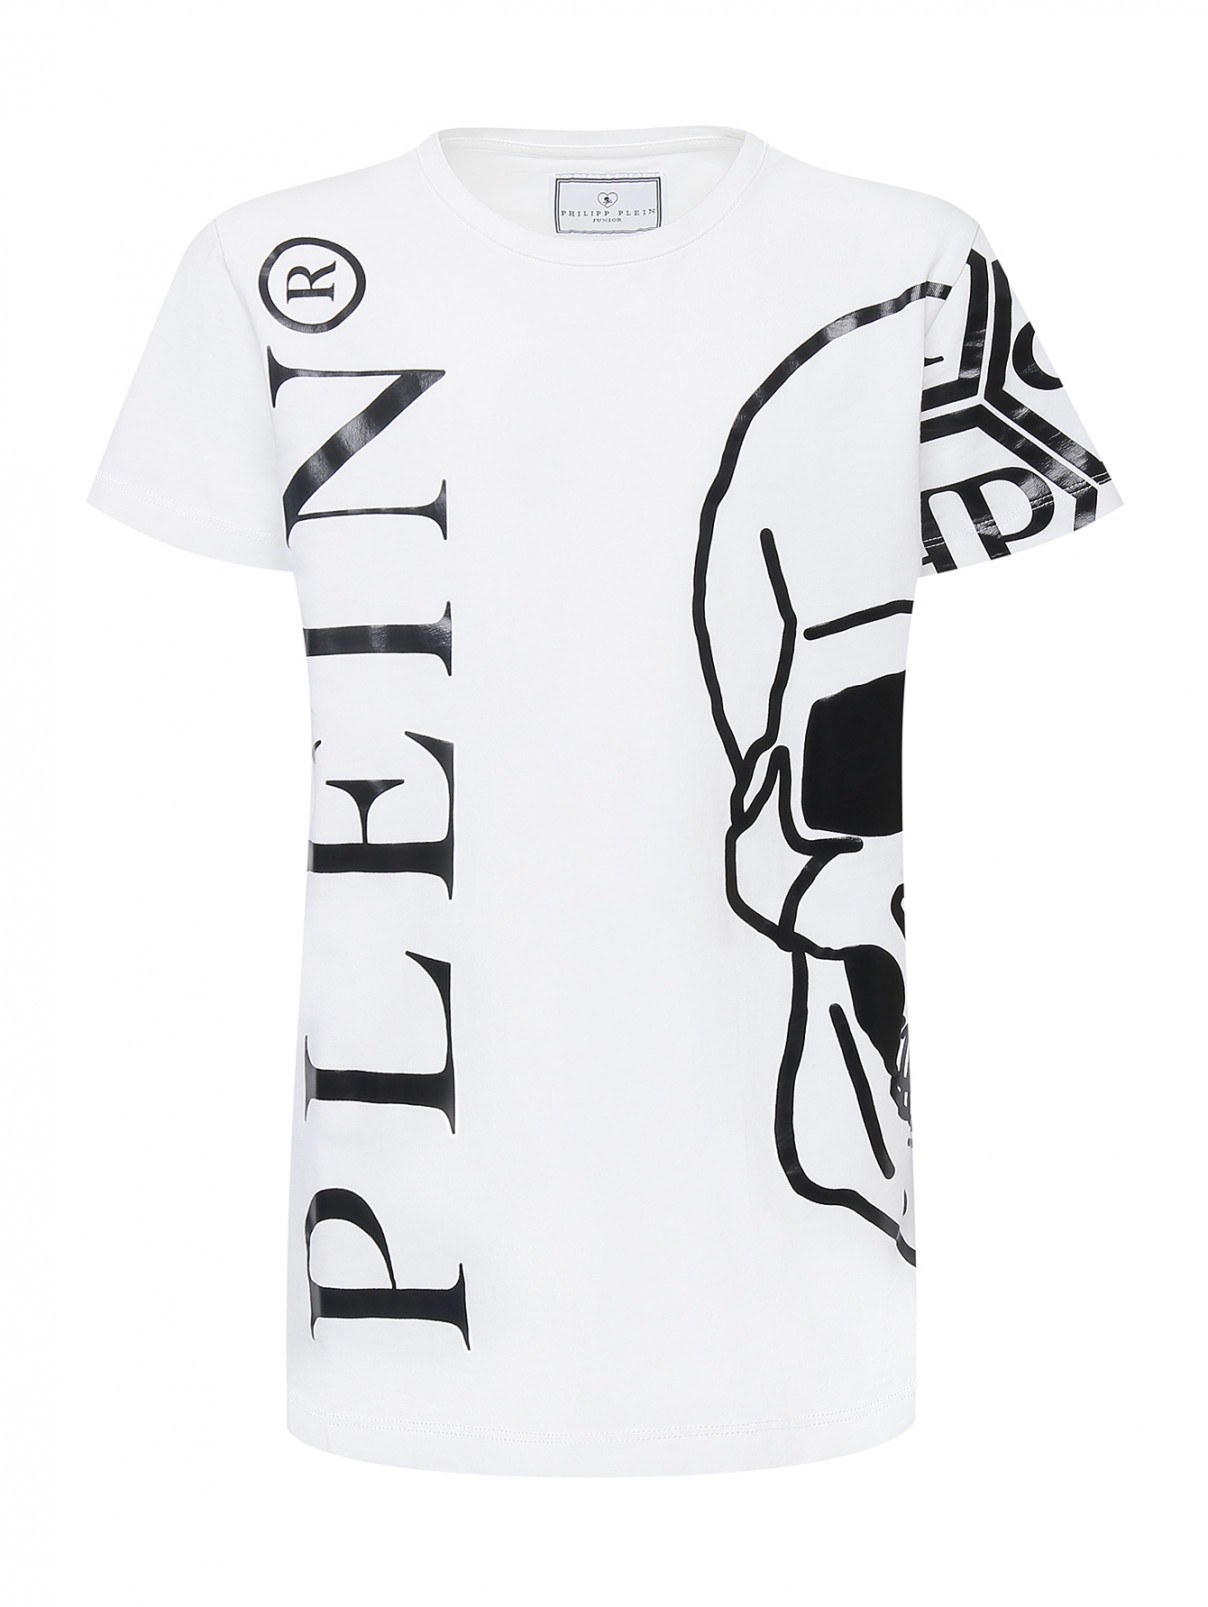 Хлопковая футболка с контрастным принтом Philipp Plein  –  Общий вид  – Цвет:  Белый
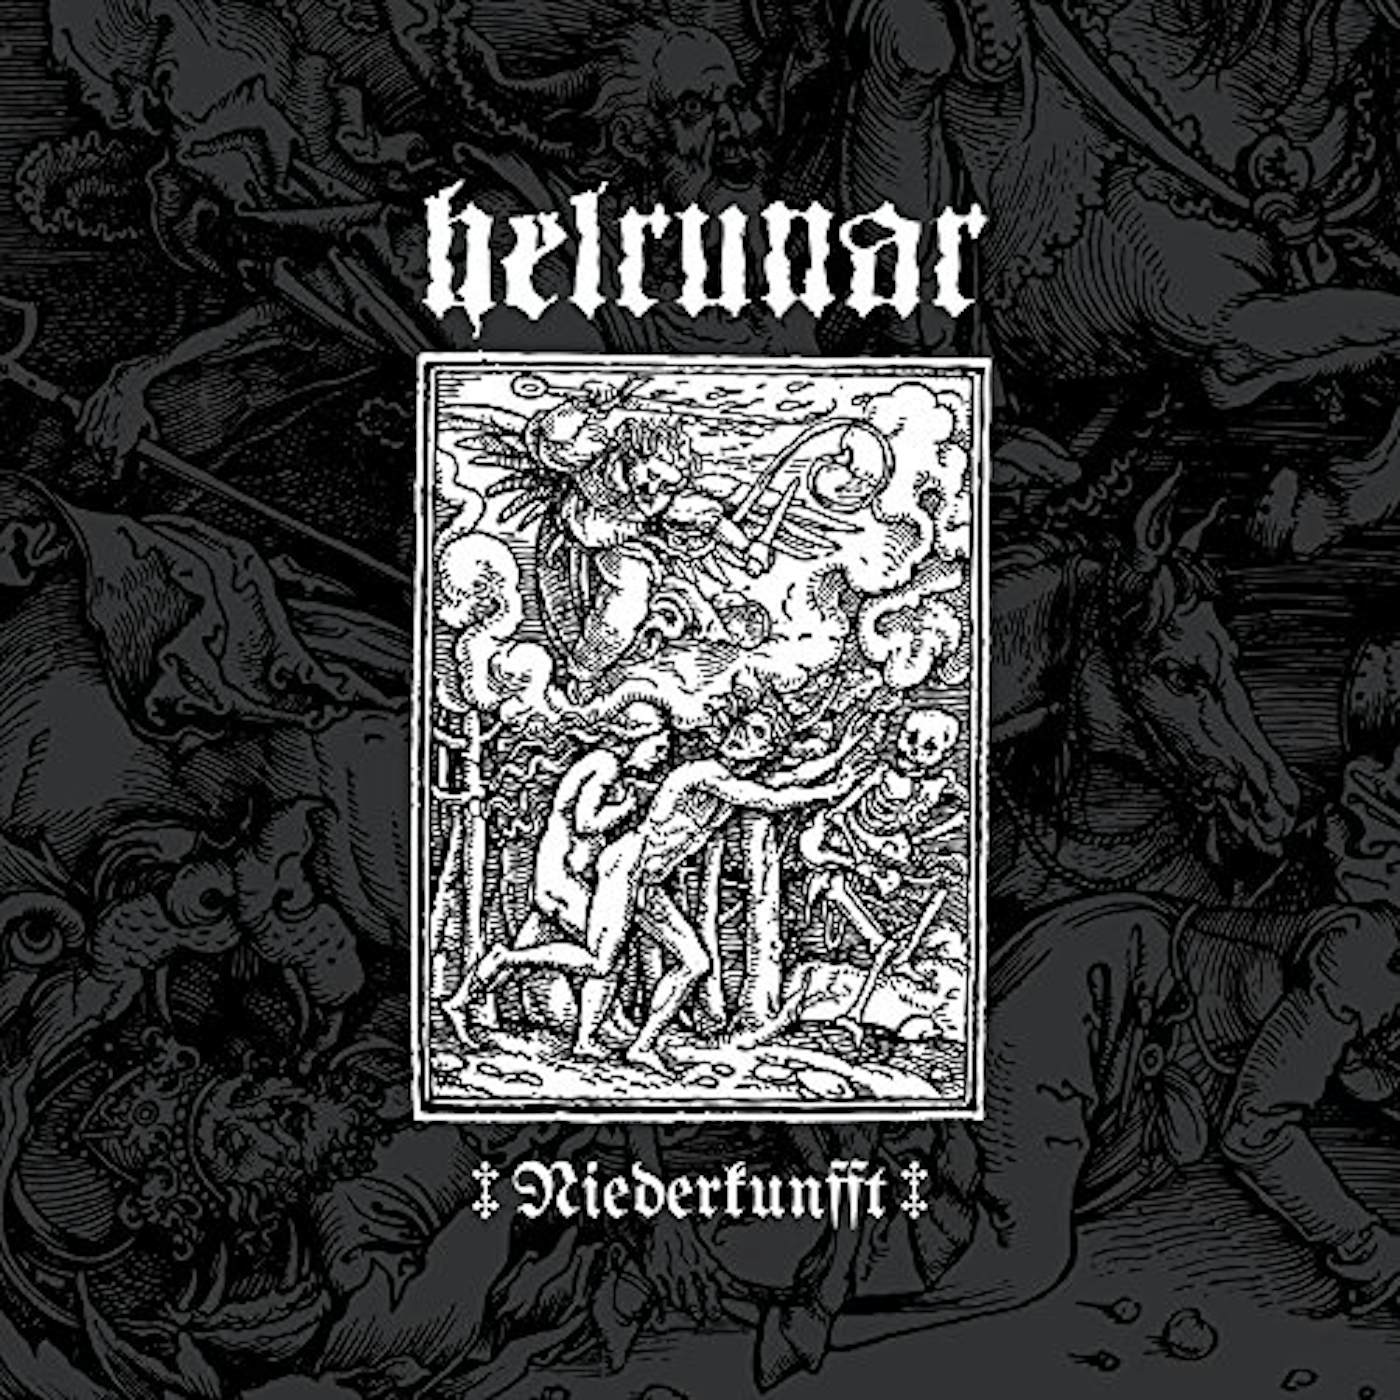 Helrunar Niederkunfft Vinyl Record
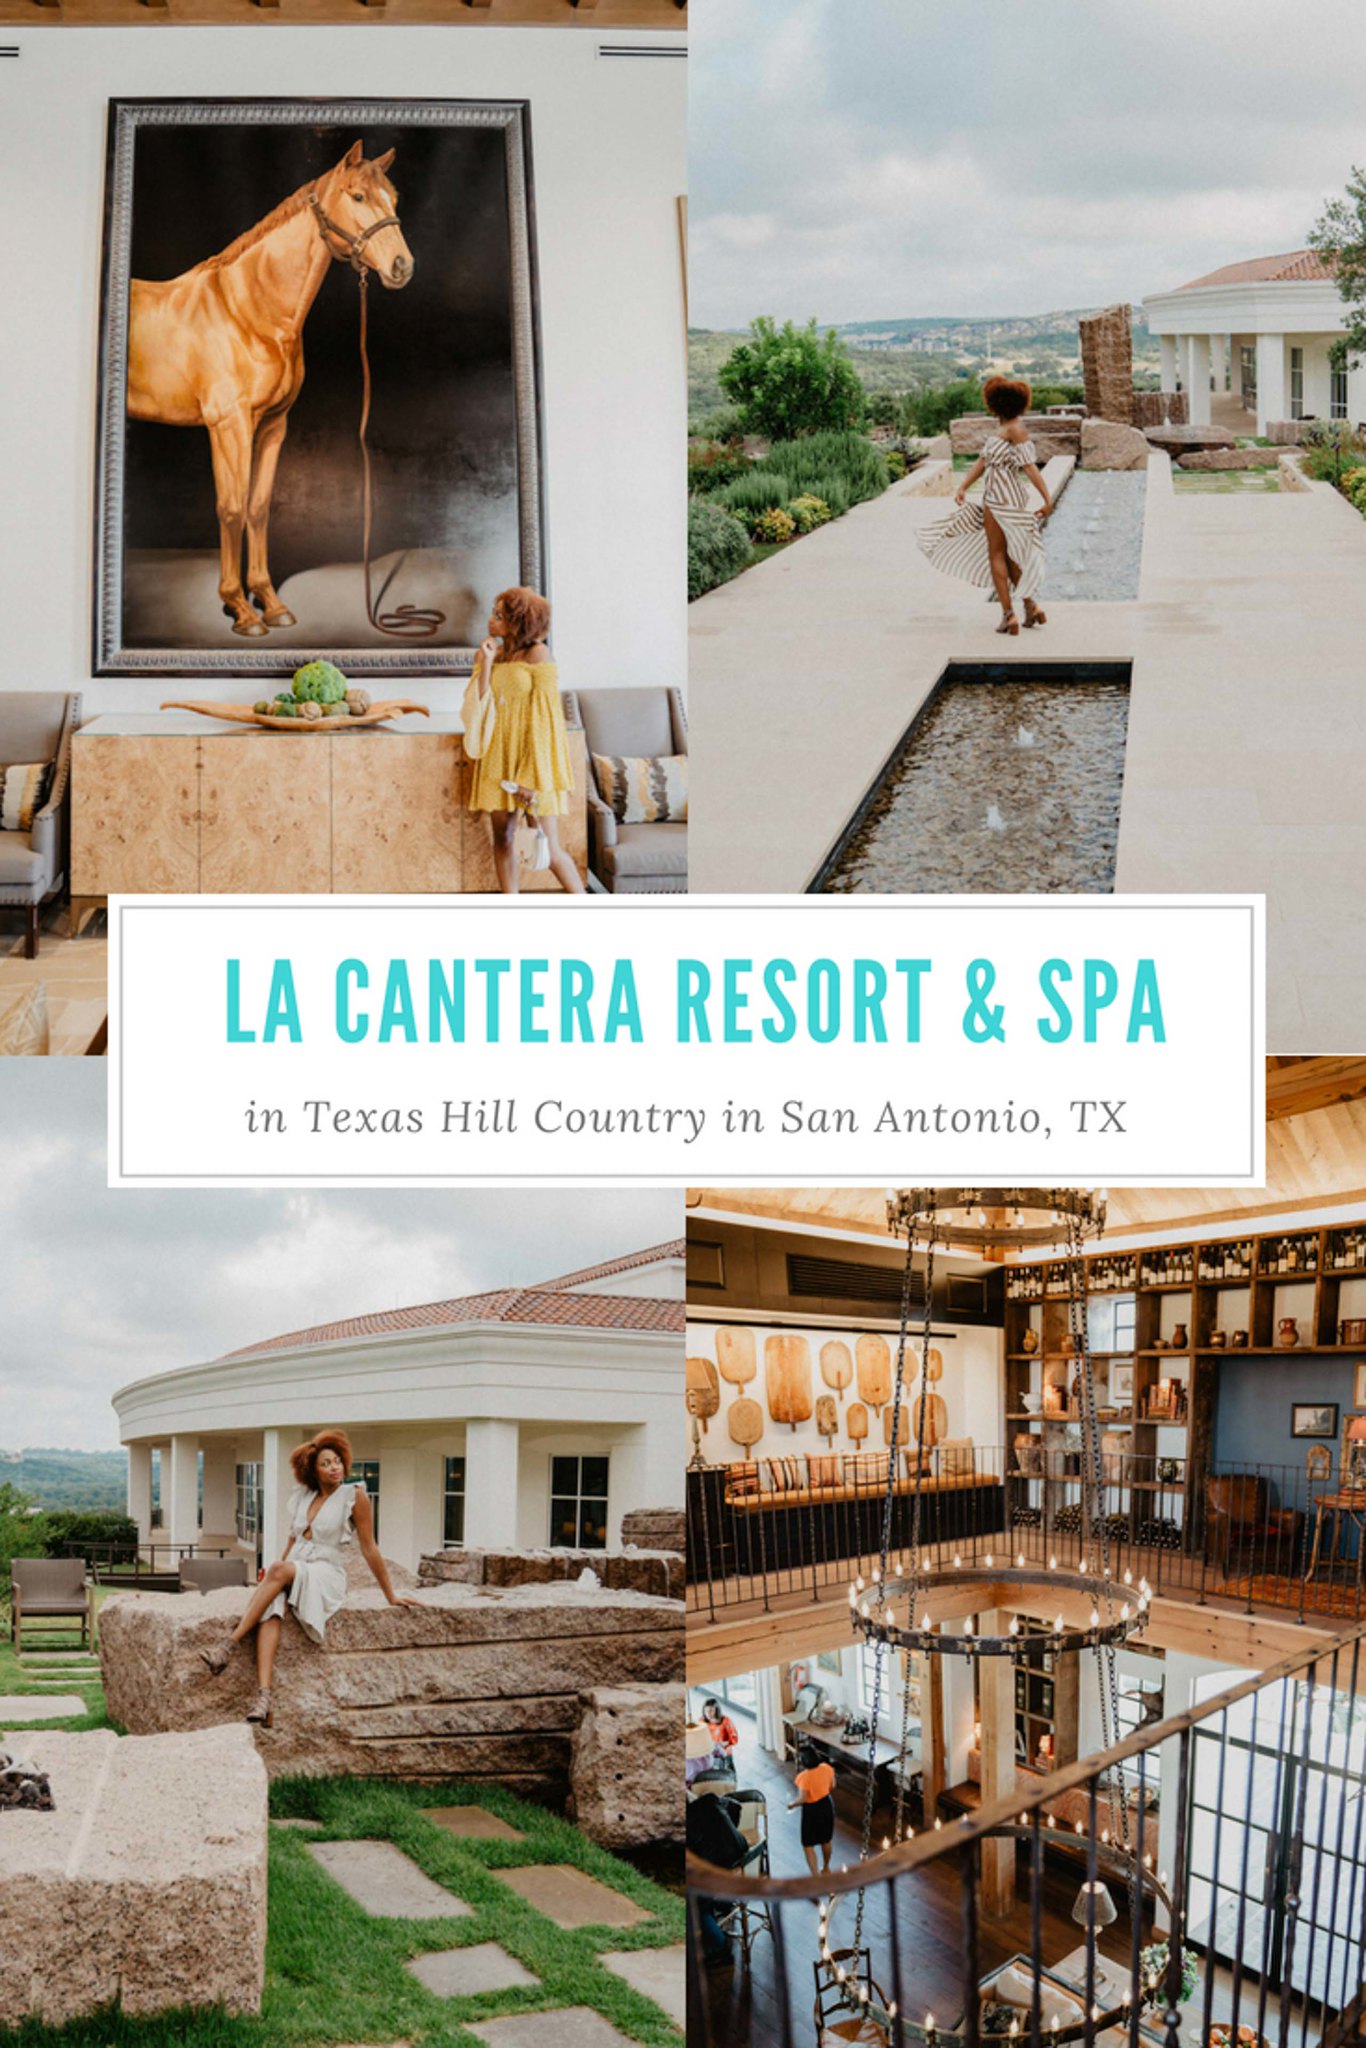 About The Local Area, La Cantera Resort & Spa
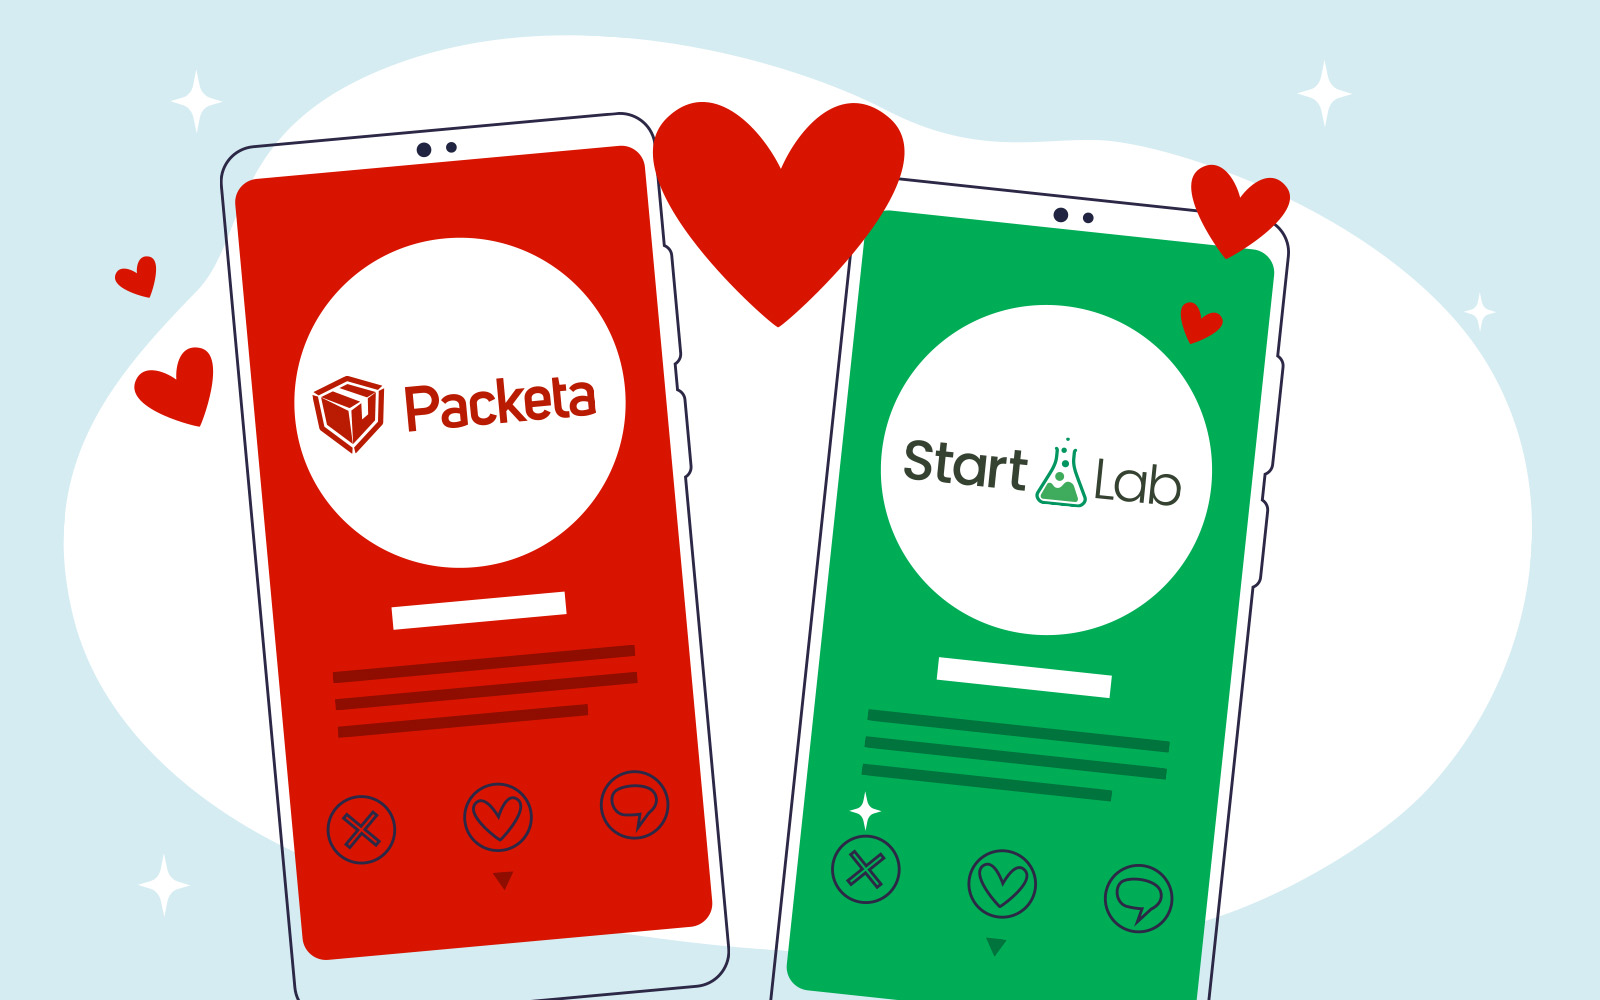 StartLab sa spojil s Packetou: Posielanie odmien po kampani je jednoduchšie a výhodnejšie

§ **EXERCISE REQUIREMENTS**: The span to retype runs from the line containing "About The Local" through the last line of the listing above, both ends included; copy it exactly, without pictures.

§ **ANSWER BOX**:
 About The Local Area, La Cantera Resort & Spa
 StartLab sa spojil s Packetou: Posielanie odmien po kampani je jednoduchšie a výhodnejšie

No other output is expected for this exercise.